--- To do ---
Please retype all of the records below word for word, leaving out any pictures.
Start of The input
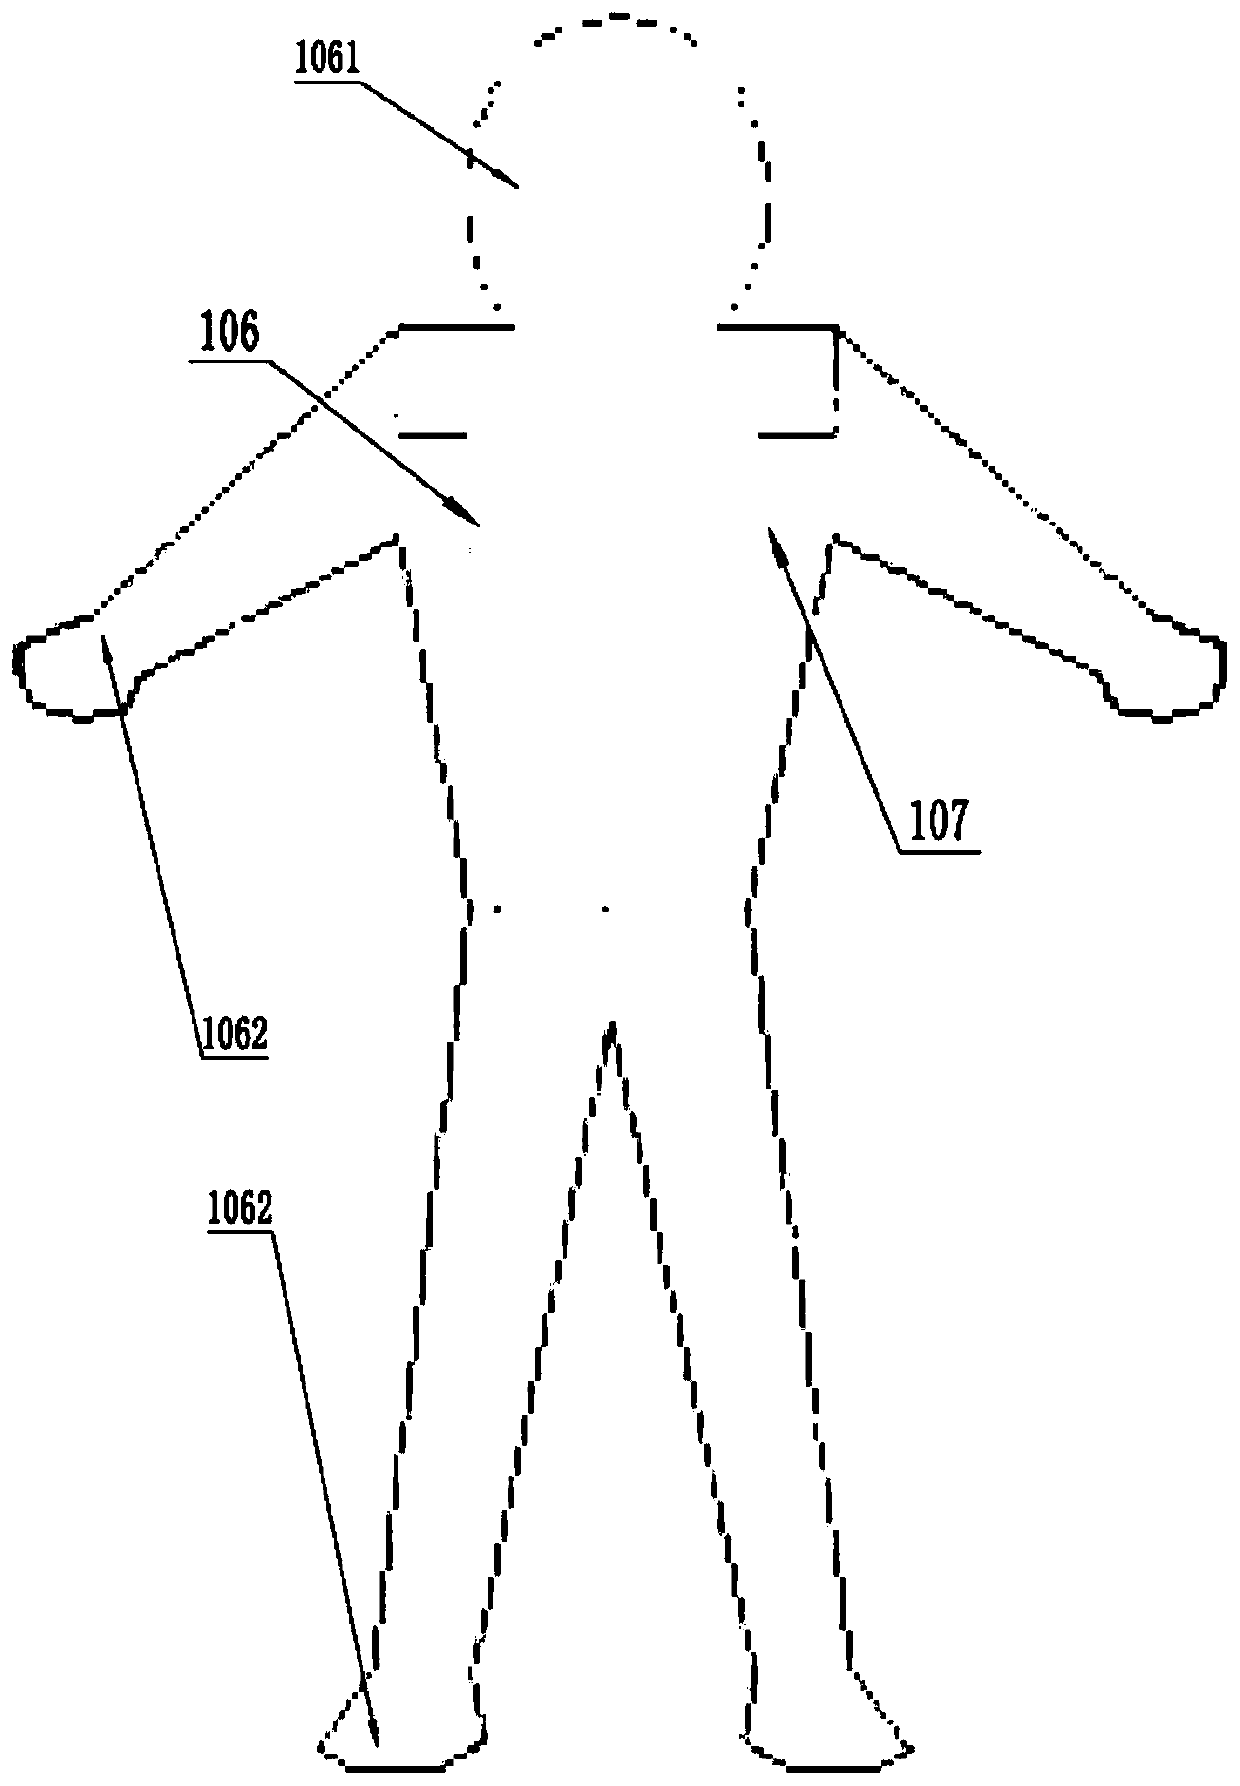 High-reliability isolation suit
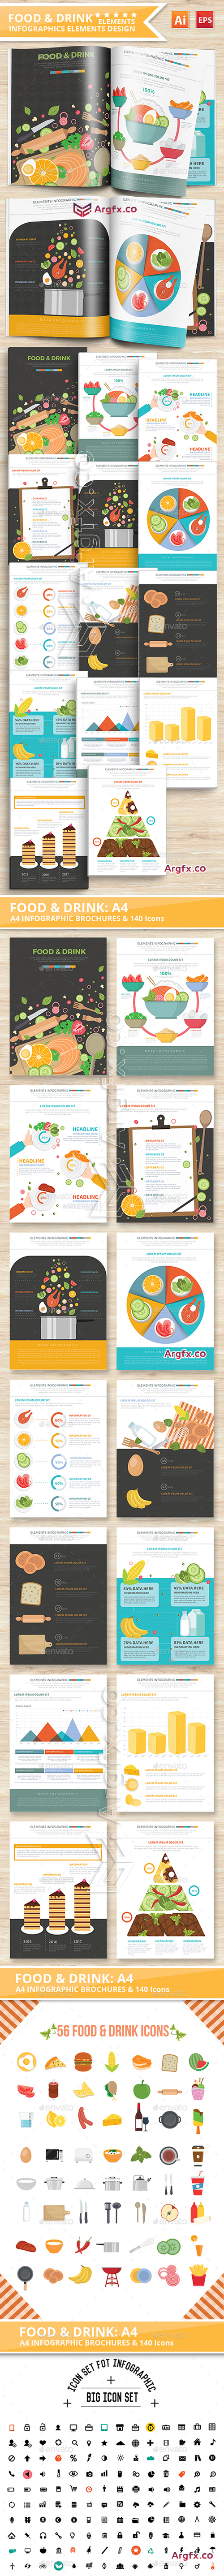  Food & Drink infographic Template Design
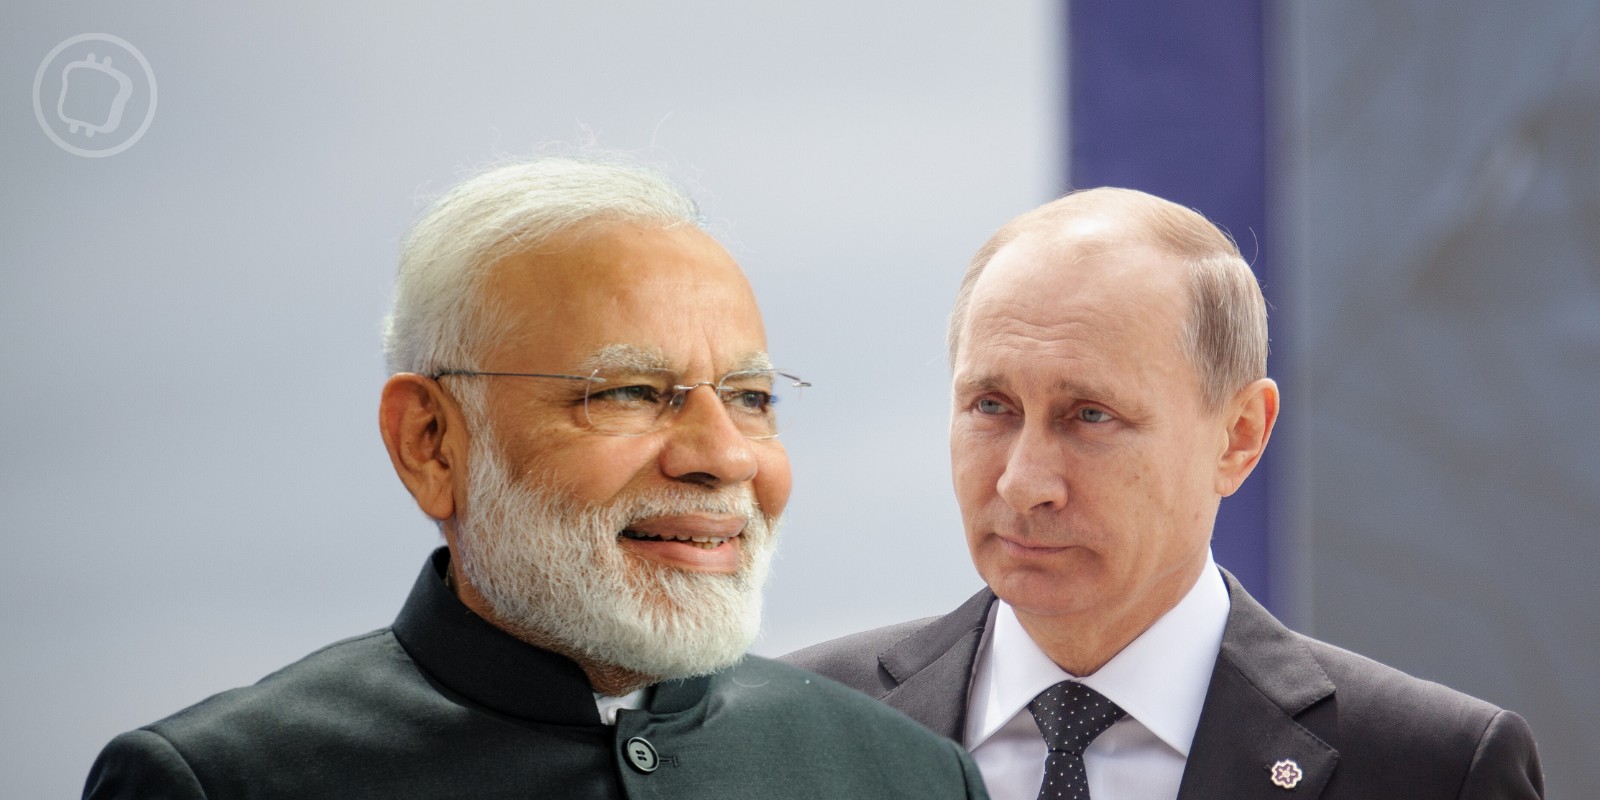 Russia and India are joining forces to create a “digital economy”.
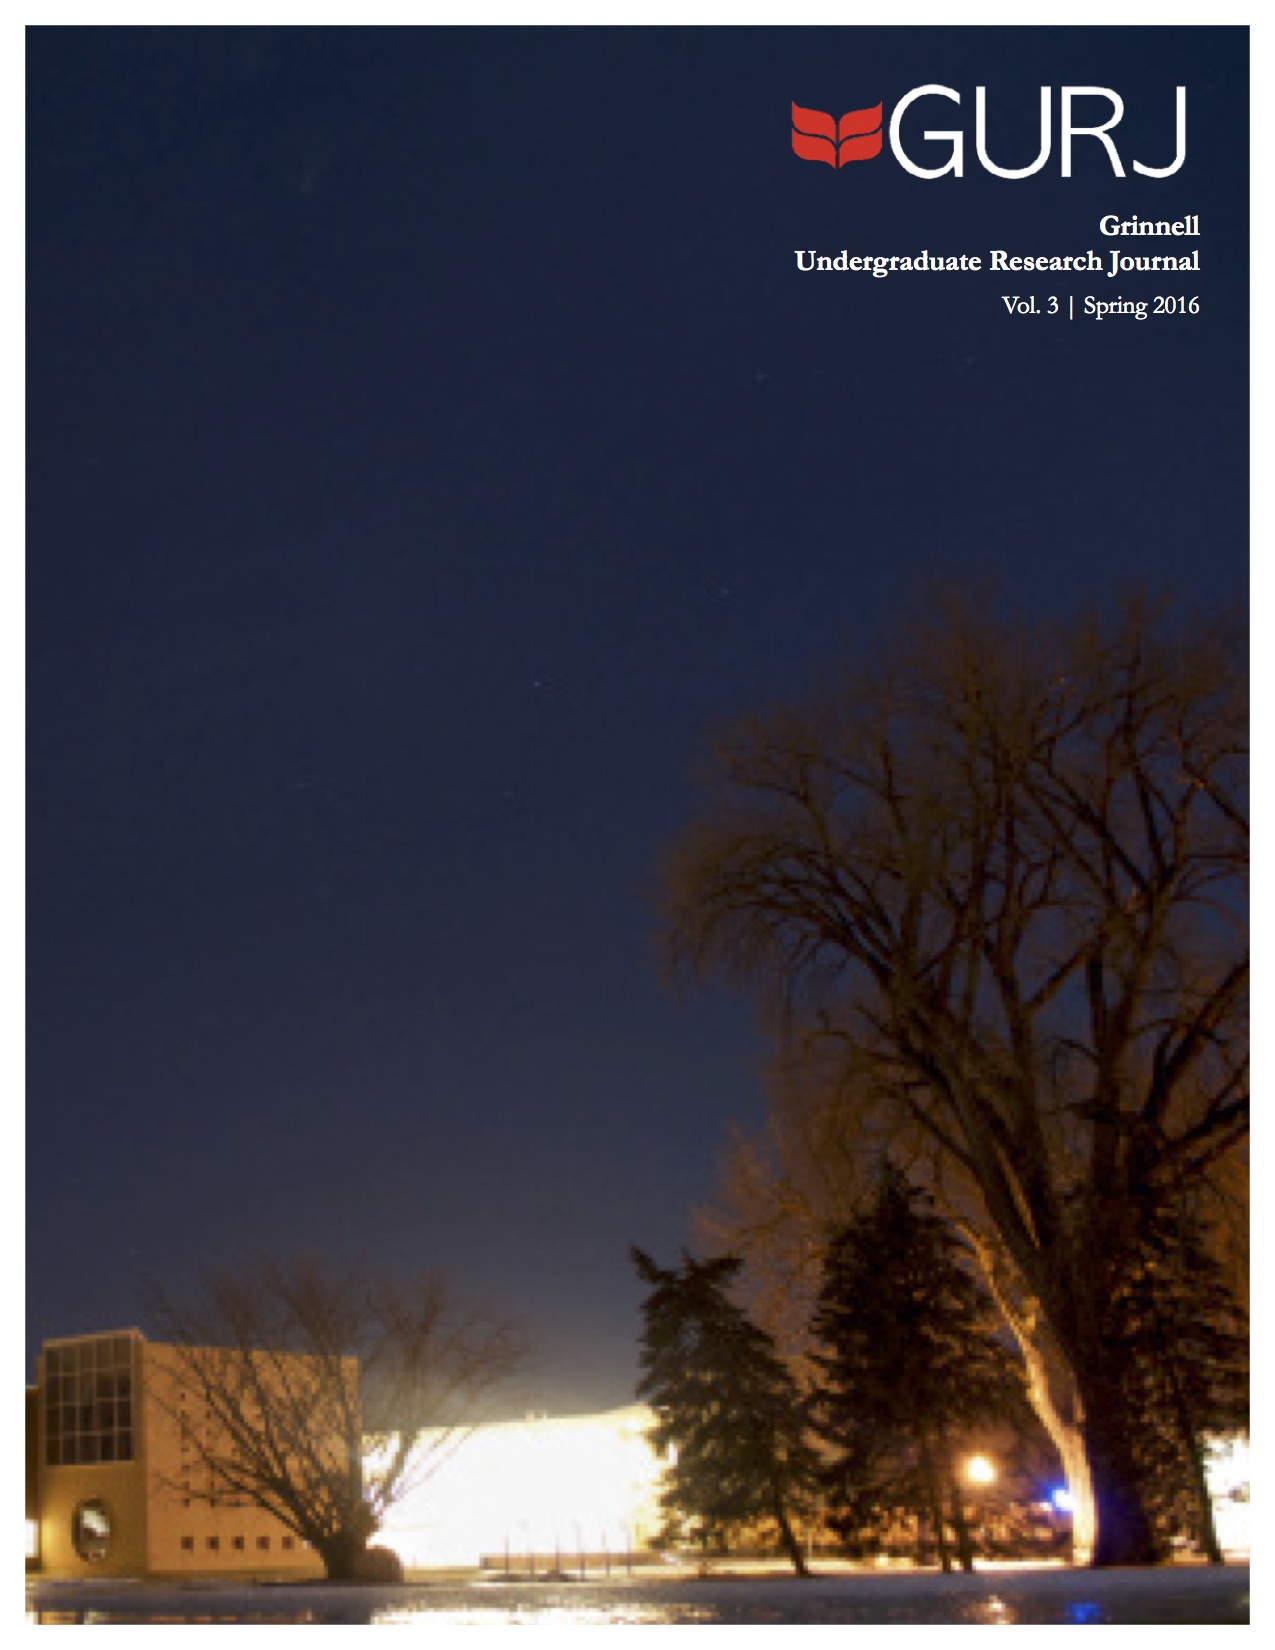 Cover of the Grinnell Undergraduate Research Journal. Pictured: view of campus at night.
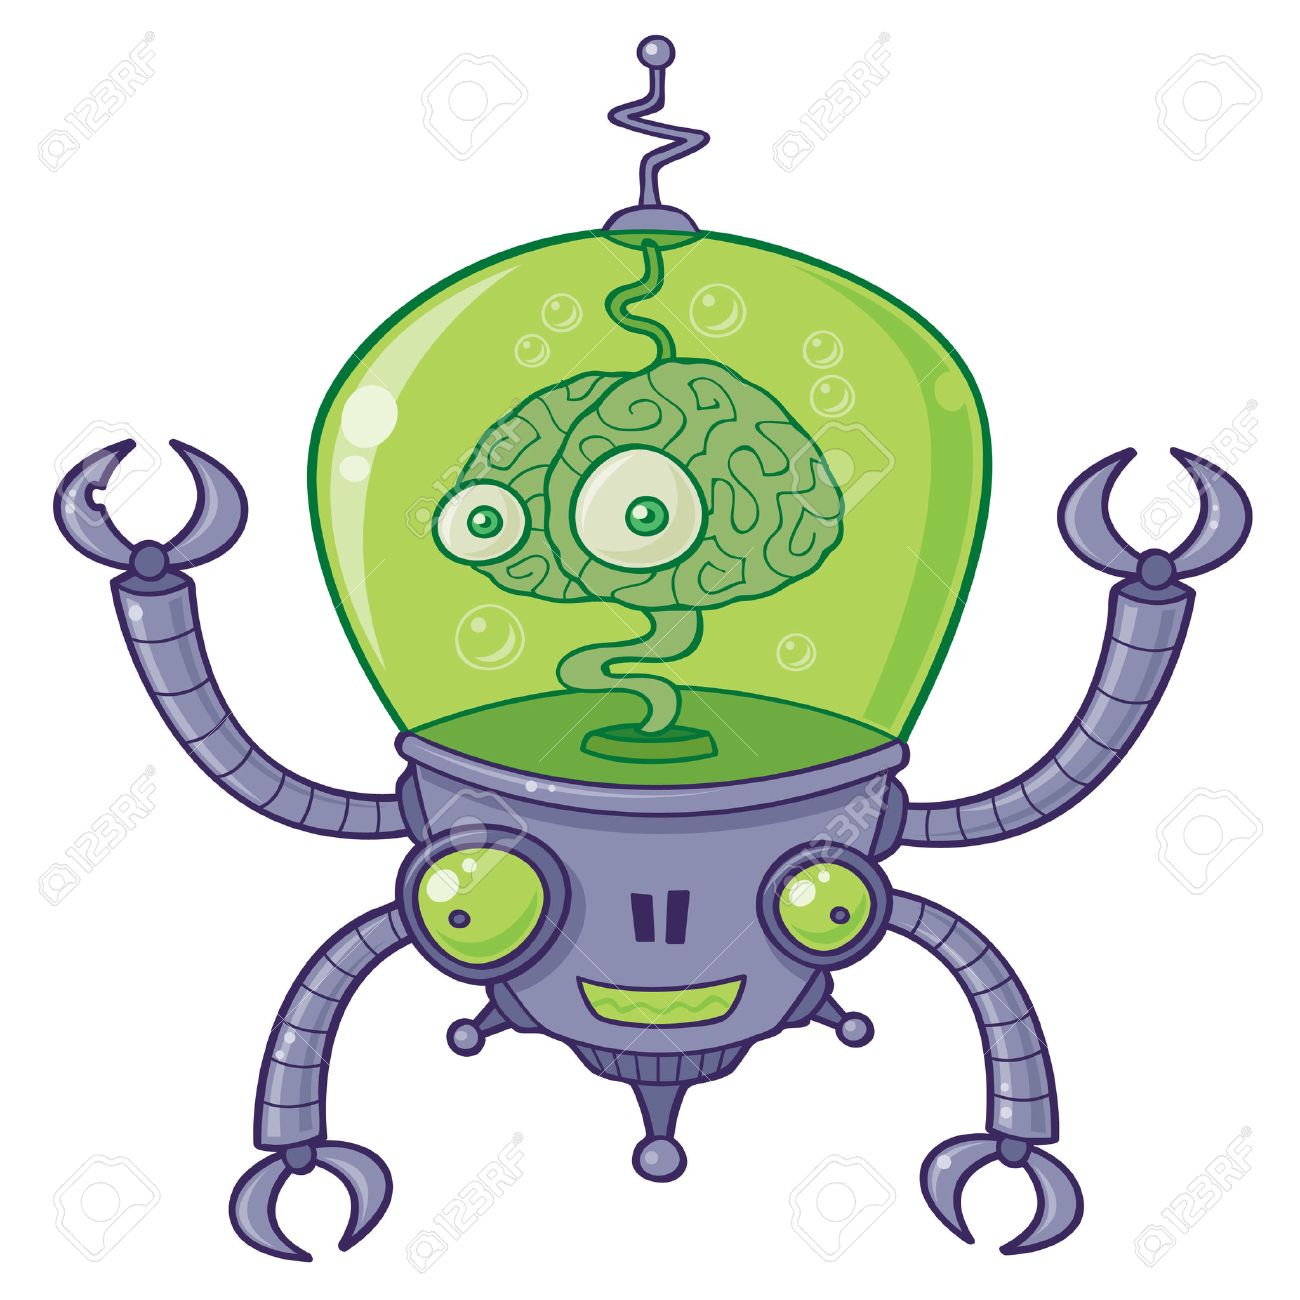 5110860-Vector-cartoon-illustration-of-a-robot-with-a-large-brain-with-eyes-in-green-liquid-BrainBot-has-fou-Stock-Vector.jpg
End of The input
--- Response ---
 High-reliability isolation suit
  Food & Drink infographic Template Design
 Russia and India are joining forces to create a “digital economy”.
 Cover of the Grinnell Undergraduate Research Journal. Pictured: view of campus at night.
 5110860-Vector-cartoon-illustration-of-a-robot-with-a-large-brain-with-eyes-in-green-liquid-BrainBot-has-fou-Stock-Vector.jpg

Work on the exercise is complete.